Глава 31
Дом исцеления
Первая неделя после возвращения Флори была похожа на сон – тревожный, смутный и прерывистый. Бильяна надеялась победить недуг за пару дней, но дни шли, а она все больше мрачнела. Дарт понимал, откуда это замешательство: она не знала, с чем боролась, и ей приходилось вслепую подбирать ключи к исцелению. Время, проведенное в заточении безлюдя, тяжело отразилось на Флори. Болезненная бледность кожи делала ржавые отметины, покрывавшие ее тело, еще заметнее. Она стеснялась их, прятала: одергивала рукава ночной рубашки, куталась в одеяло и старалась не покидать комнату, где держали ставни закрытыми.

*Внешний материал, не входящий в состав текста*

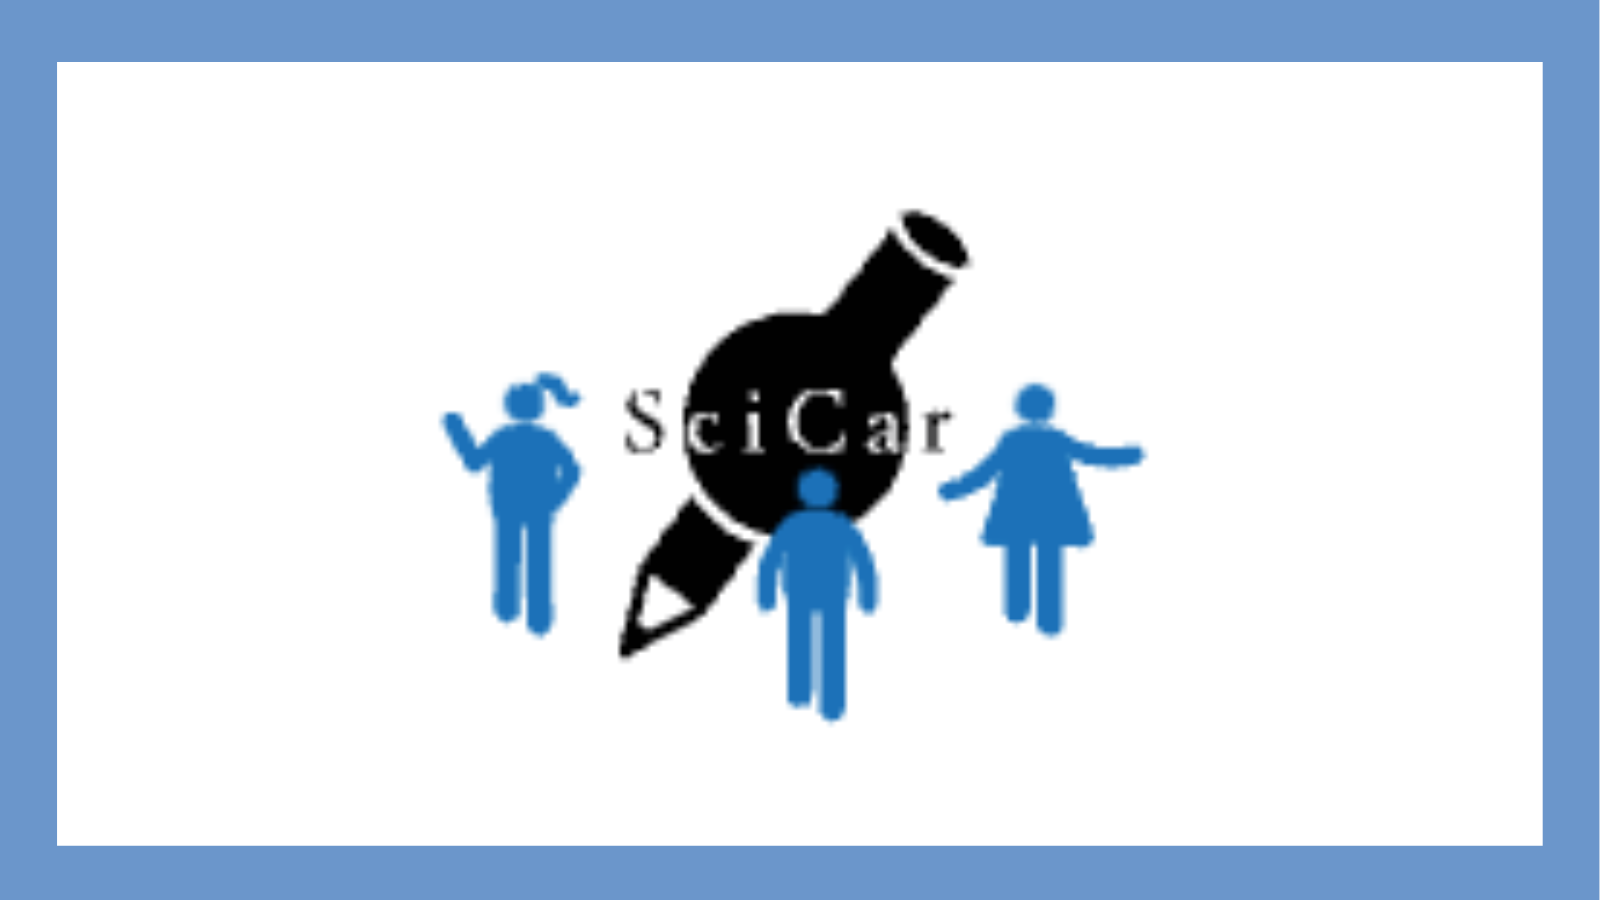 SciCar logo

Все заботились о ней, и каждый делал это как умел: Дарт не отходил от постели, Бильяна готовила снадобья, Офелия развлекала сестру, читая вслух, а Бо приносил к ее кровати мячик.

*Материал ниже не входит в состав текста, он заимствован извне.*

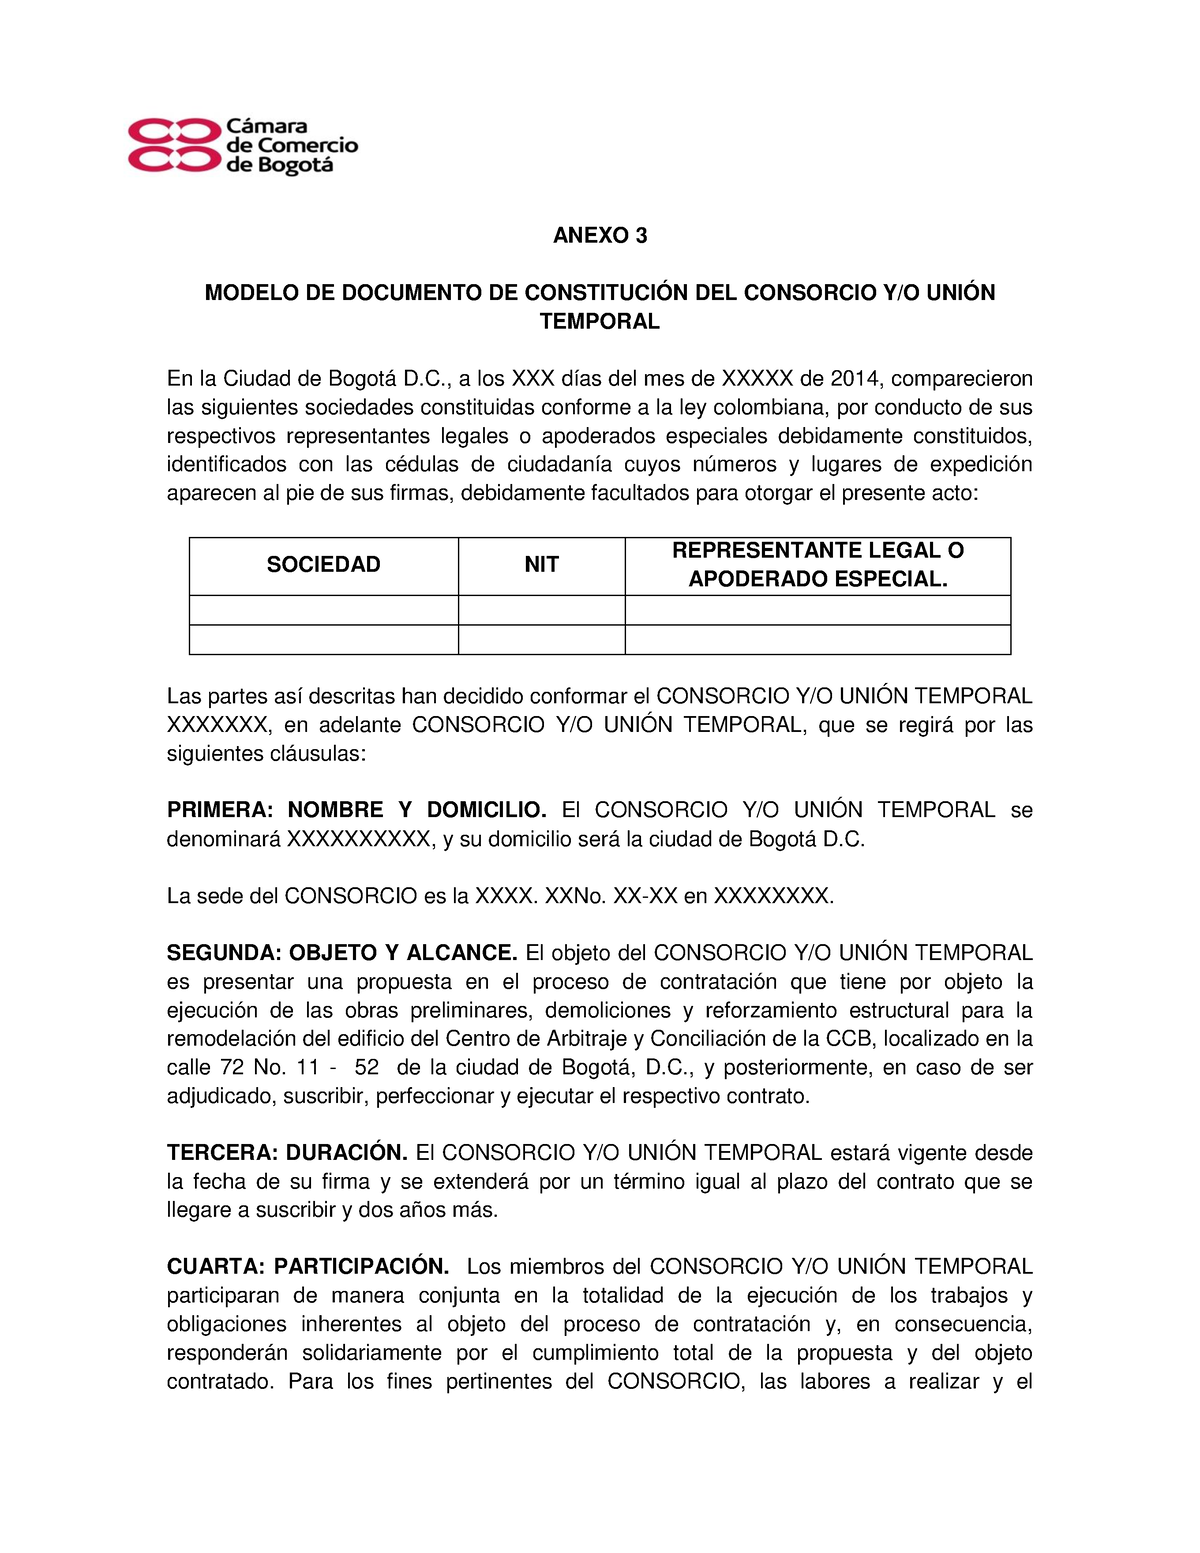 Consorcio O Unión Temporal Anexo 3 Modelo De Documento De ConstituciÓn Del Consorcio Yo UniÓn 3471

Постепенно Флори стало лучше, и Дарт вернулся к обязанностям домографа.
За время его отсутствия в конторе накопилось столько дел, что с ними уже не справлялись ни близнецы Ларри и Лоран, ни приемщица, принявшая на себя основной удар из жалоб. Жизнь закрутилась вокруг него с бешеной скоростью: утром он шуршал бумагами, днем пропадал в разъездах с одной проверки на другую, а вечером навещал Голодный дом, чтобы поддерживать тепло и подбадривать безлюдя, который решил, что все покинули его, и нашел этому свое объяснение: «Вы променяли меня на новый дом. Помоложе и красивее. На какого‑нибудь простака». Дарт заверял, что скоро все домочадцы вернутся, и сам мечтал о том же.

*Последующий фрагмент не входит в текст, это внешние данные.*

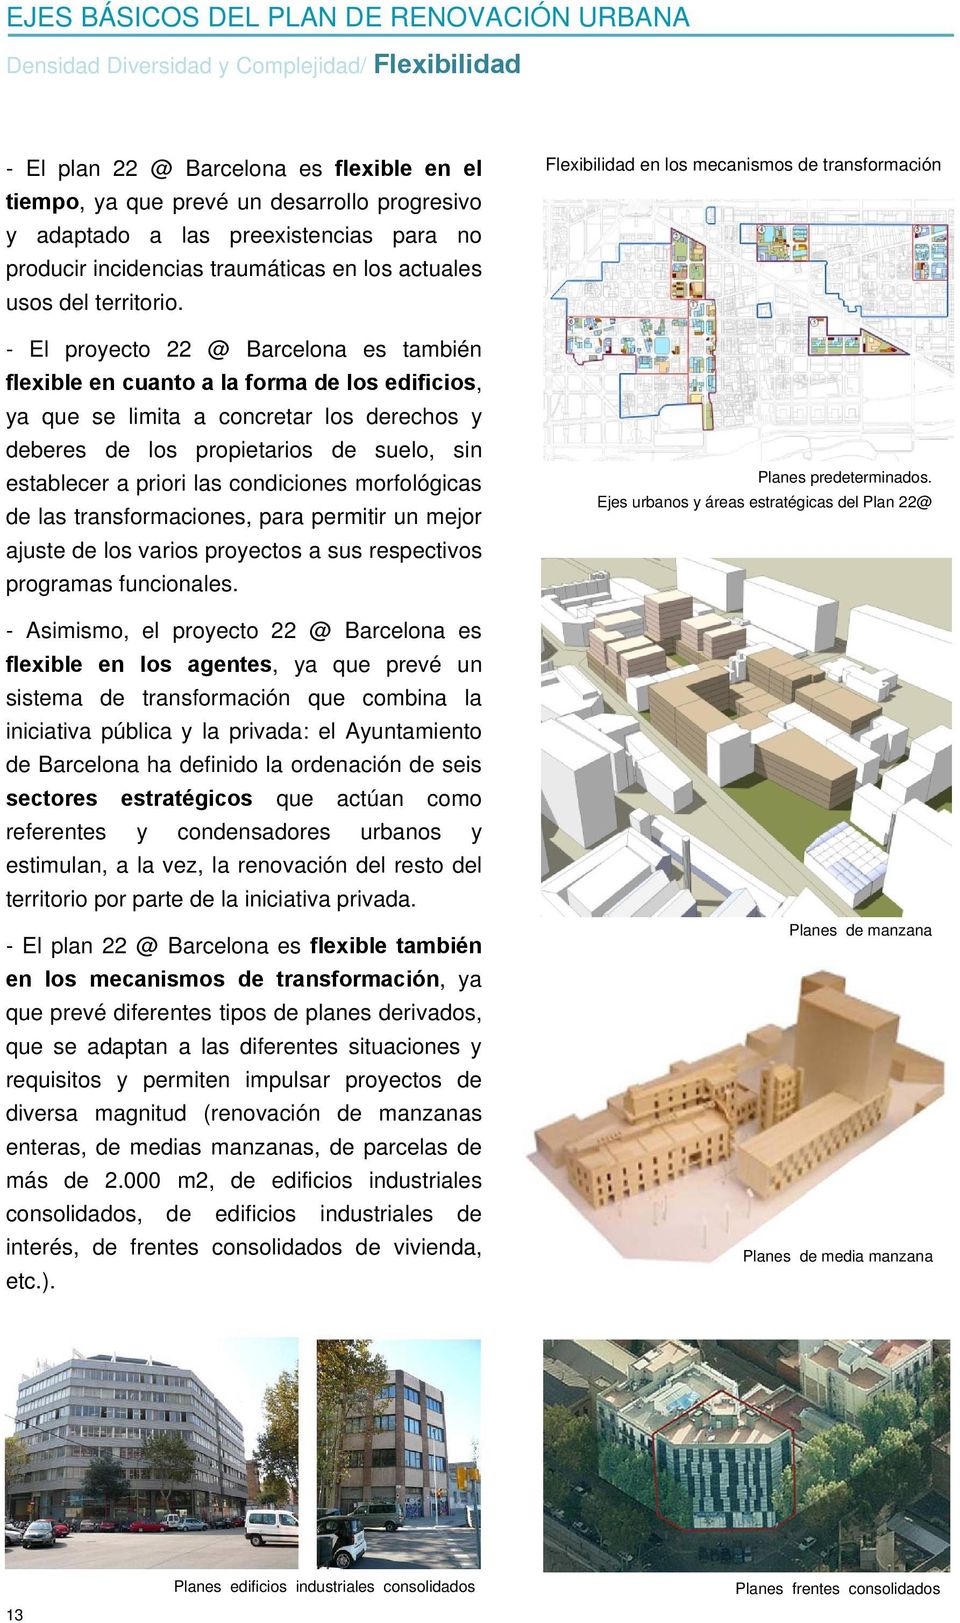 - El proyecto 22 @ Barcelona es también flexible en cuanto a la forma de los edificios, ya que se limita a concretar los derechos y deberes de los propietarios de suelo, sin establecer a priori las

После всех дел он возвращался в Дом с оранжереей, занимал свой пост рядом с Флори и рассказывал о том, как прошел день. Она слушала внимательно, увлеченно, но сама ничем не делилась. Ее дни протекали однообразно, и все события сводились к приему снадобий и лечебным процедурам.
Так он и метался от одного безлюдя к другому, между болтливостью и безмолвием. Подземные тоннели позволяли быстро перемещаться, и Дарт натаскал в Дом с оранжереей множество вещей, привычных Флори: ее домашние платья, любимую расческу, корзинку с шитьем, альбом для рисования и краски. Она не бралась за рисование, не притрагивалась к шитью и не собирала волосы, как прежде; теперь они свободно растекались по плечам, словно вплетаясь в кружево ее ночной сорочки.
Гостей Флори принимала с неохотой и только по вечерам, появляясь на кухне в строгом платье с длинными рукавами и воротником стойкой, скрывая отметины на коже. Она не хотела выглядеть слабой и болезненной, но ее выдавали темные круги под глазами и впалые щеки, лишенные румянца. Она была по-прежнему прекрасна, но уже какой‑то иной, печальной, красотой, точно скованная льдом река.